Charles P. Casey of the University of Wisconsin, Madison, is a household name to most chemists. If scientists don’t recognize him as a past-president of the American Chemical Society or for his leadership role in the national science and engineering community, then they might know him as a lecturer, teacher of dozens of Ph.D. students, or leading researcher in organometallic chemistry.

“Chuck Casey’s unique combination of outstanding service and distinguished research in inorganic chemistry richly merits this award,” says Wisconsin colleague Clark R. Landis.

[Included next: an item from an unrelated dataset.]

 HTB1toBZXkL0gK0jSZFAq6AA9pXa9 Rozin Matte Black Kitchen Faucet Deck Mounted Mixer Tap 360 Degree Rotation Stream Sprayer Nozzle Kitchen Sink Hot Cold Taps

In the lab, Casey is known for his mechanistic investigations in organometallic chemistry. His research group has contributed to the understanding of homogeneous catalysis of alkene isomerization, olefin metathesis, cyclopropanation, hydroformylation, hydrogenation, and alkene polymerization. Casey and his colleagues provided the earliest well-defined models for individual steps in olefin metathesis. His group also isolated key proposed intermediates in Fischer-Tropsch chemistry and developed model compounds of intermediates in Ziegler-Natta alkene polymerizations.

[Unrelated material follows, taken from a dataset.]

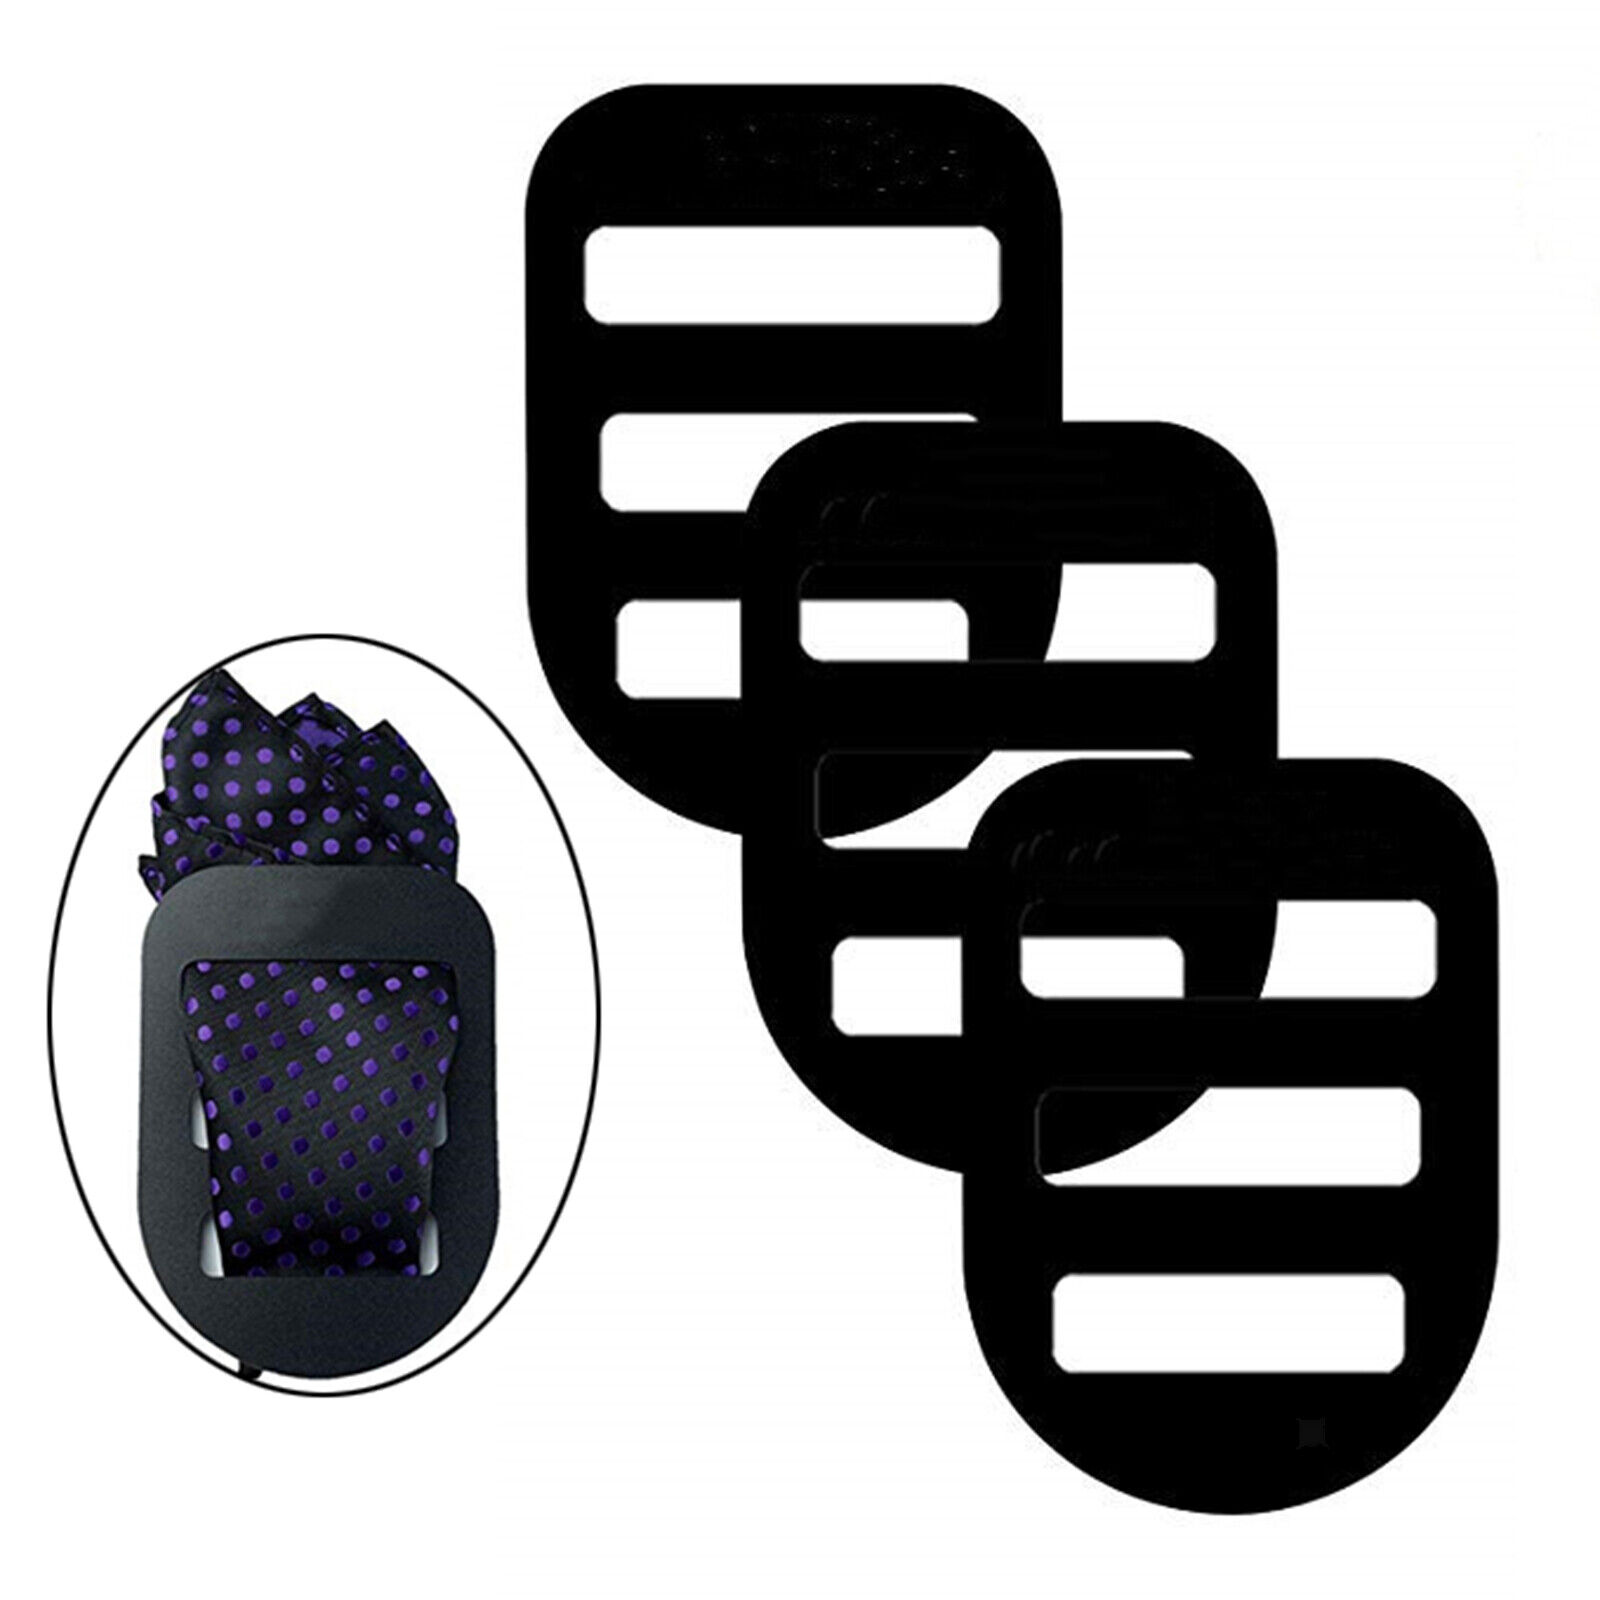 3Pack Pocket Square Holder Keeper Pocket Square Organizer Accessory Black

Above and beyond his research achievements, Casey has been a visible leader in the chemistry community. Milestones in his career include serving as chair of the ACS Wisconsin Section, chair of the ACS Division of Inorganic Chemistry’s Organometallic subdivision, chair of the ACS Division of Inorganic Chemistry, and member of the ACS Petroleum Research Fund’s advisory board.

In 2004, as ACS president, Casey initiated the Academic Employment Initiative, which has broadened the process by which colleges and universities recruit faculty into the chemical sciences. He also supported division-sponsored symposia at ACS regional meetings and provided opportunities at national meetings for chemists to learn more about the emerging field of nanoscience.

Casey, 68, received a B.S. degree in chemistry at St. Louis University in 1963 and a Ph.D. in organic chemistry at Massachusetts Institute of Technology in 1967. The following year, he joined the faculty at UW Madison, where he is now the Homer B. Adkins Emeritus Professor of Chemistry.

He is a member of the American Academy of Arts & Sciences and the National Academy of Sciences and served as chair of NAS’s chemistry section. Among other national roles, Casey was cochair of the National Research Council’s Chemical Sciences Roundtable and is currently chair of the chemistry section of the American Association for the Advancement of Science. He also serves on the board of the nonprofit Council for Chemical Research.

Casey has been a member of the editorial board of several ACS journals, including the Journal of the American Chemical Society, Organometallics, and Organic Letters. His awards include the ACS Award in Organometallic Chemistry, the Arthur C. Cope Scholar Award, and the Alexander von Humboldt Senior Award.

Scientists of the quality of Casey “set the standards not just for their students and their competitors in research, but for all the areas in which they offer their services,” says Daryle H. Busch, a past-president of ACS and a chemistry professor at the University of Kansas. “Casey deserves recognition for raising the standards in organometallic chemistry research, in the education of graduate students in organometallic chemistry, in the service of the many organizations that serve inorganic and especially organometallic chemistry, and in the conduct of the leadership of the American Chemical Society itself.”

Casey will deliver the award address before the Division of Inorganic Chemistry.